Comfort in Ambiguity - j_v
http://ecorner.stanford.edu/authorMaterialInfo.html?mid=2226

======
j_v
A video from a talk by Jensen Huang, Co-founder and CEO of NVIDIA. He explains
why an entrepreneur should make oneself comfortable with uncertainty and sheer
ambiguity of the apparently predictable future, that is yet to unfold.

It kind of answers the dilemma of remaining just planned all the time versus
remaining just prepared all the time or in other words "Should I plan or not,
when know I have to change anywayz. Again, what if I don't plan, what will
keep things focused if we don't have clearly defined goals"

Predicting/planning too much in future does not fully take into account the
changes in 'unknowns' in the environmental equation, it bases itself mostly on
how things were and are. An excess of planning and lack of preparedness means
delayed or discontinued schedules and disappointment, hence giving a chance to
the lurking de-motivation to set in.

On the other hand not planning at all and just keeping the radars 'on' and
reacting to every signal out there, most of which could be just temporary
noise is a dangerous thing. It can potentially waste a lot of your time taking
you all the wrong ways for short terms, a step forward and two back.

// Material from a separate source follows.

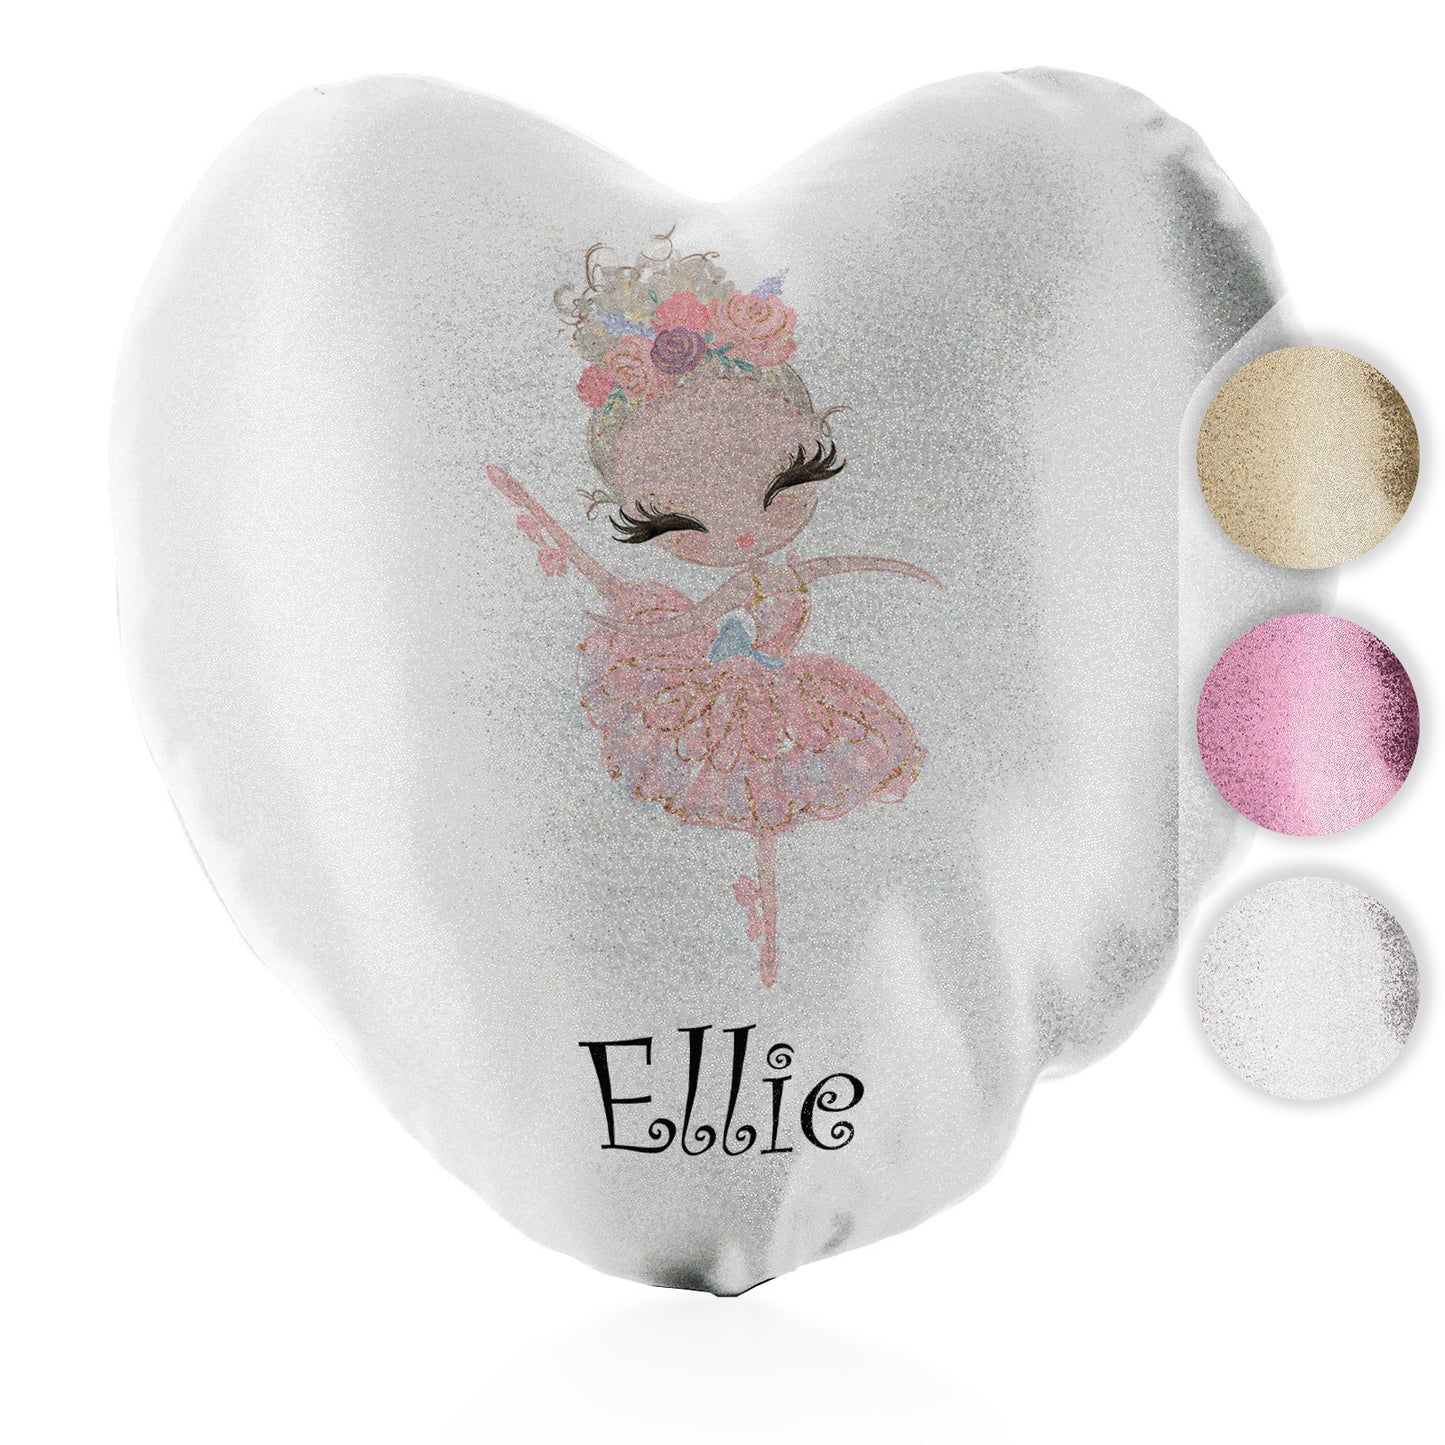 Personalised Glitter Heart Cushion with Cute Text and Blonde Hair Pink Dress Ballerina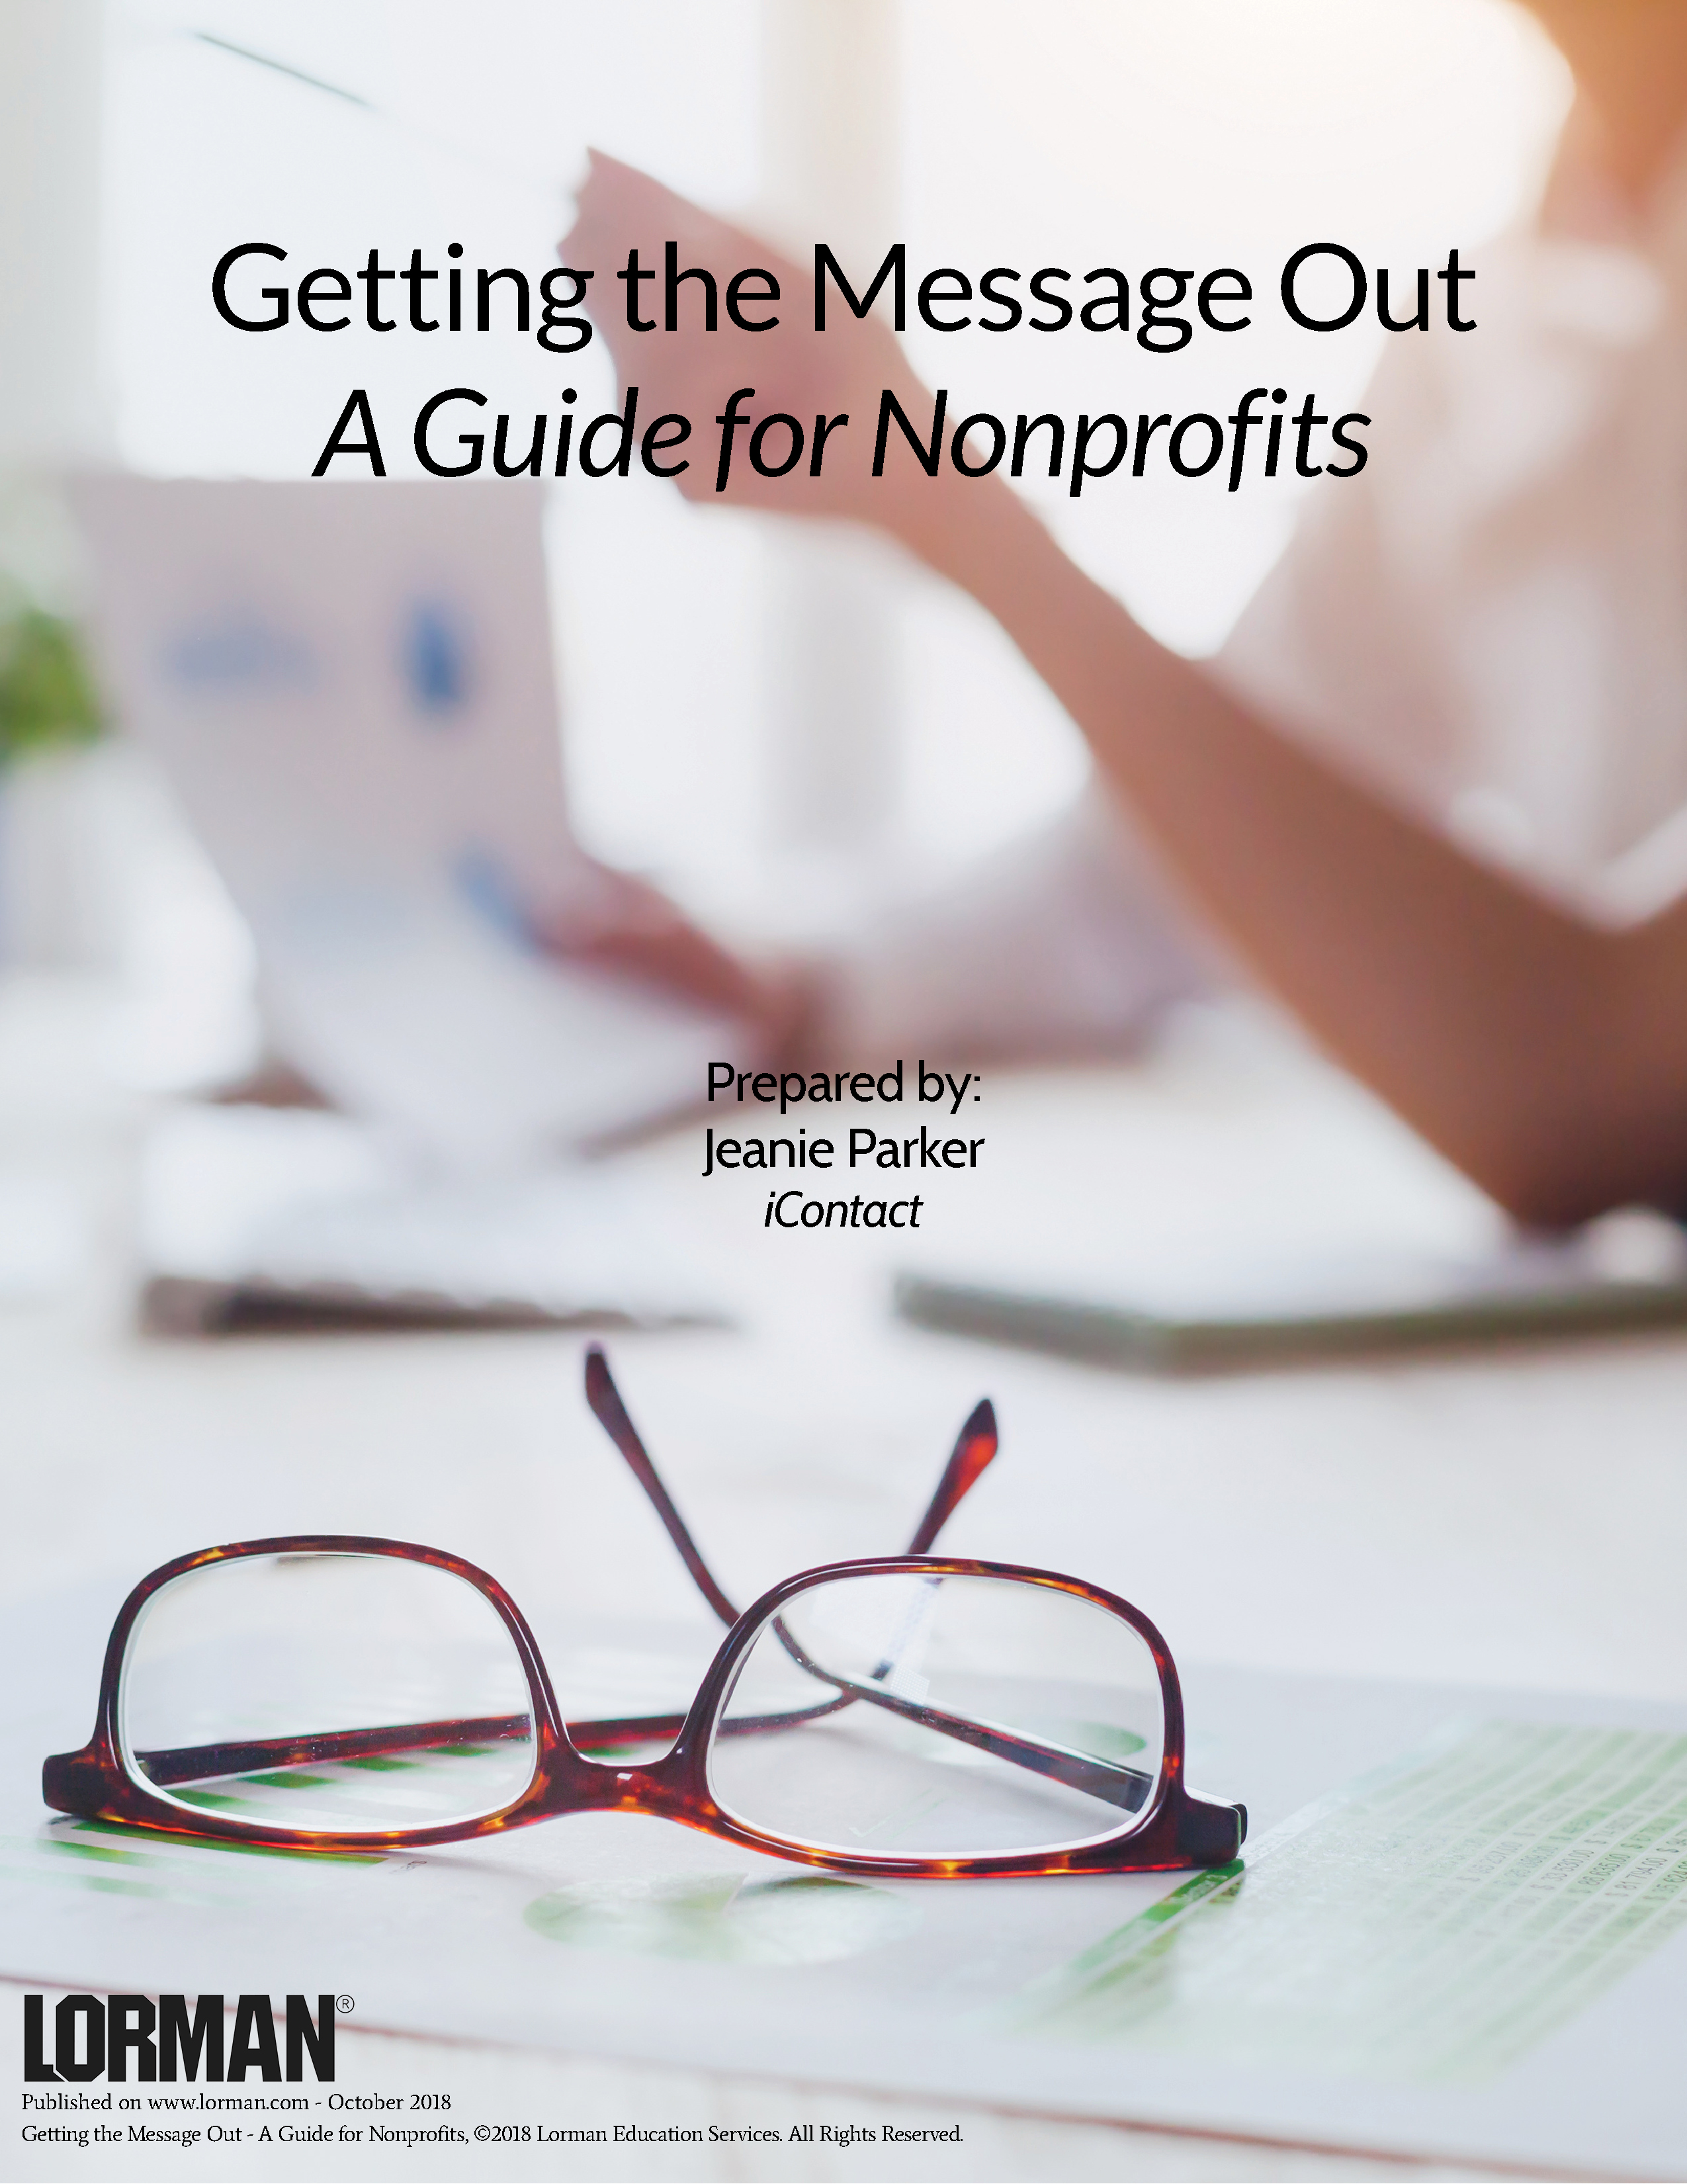 Getting the Message Out: A Guide for Nonprofits

So, the the right mix of planning and preparedness is the what entrepreneurs
need. Plan, plan in terms of 'ends/goals' (less details) for a long term and
plan in deep detail for short periods of time, plan only a few short terms at
a time. Keep the radar's 'on', detect signals, filter the noise, take you
time, but not much since you don't have it. If the signal passes the filter be
agile and swift, be brave take the leap. Leave the rest to ambiguity. :-)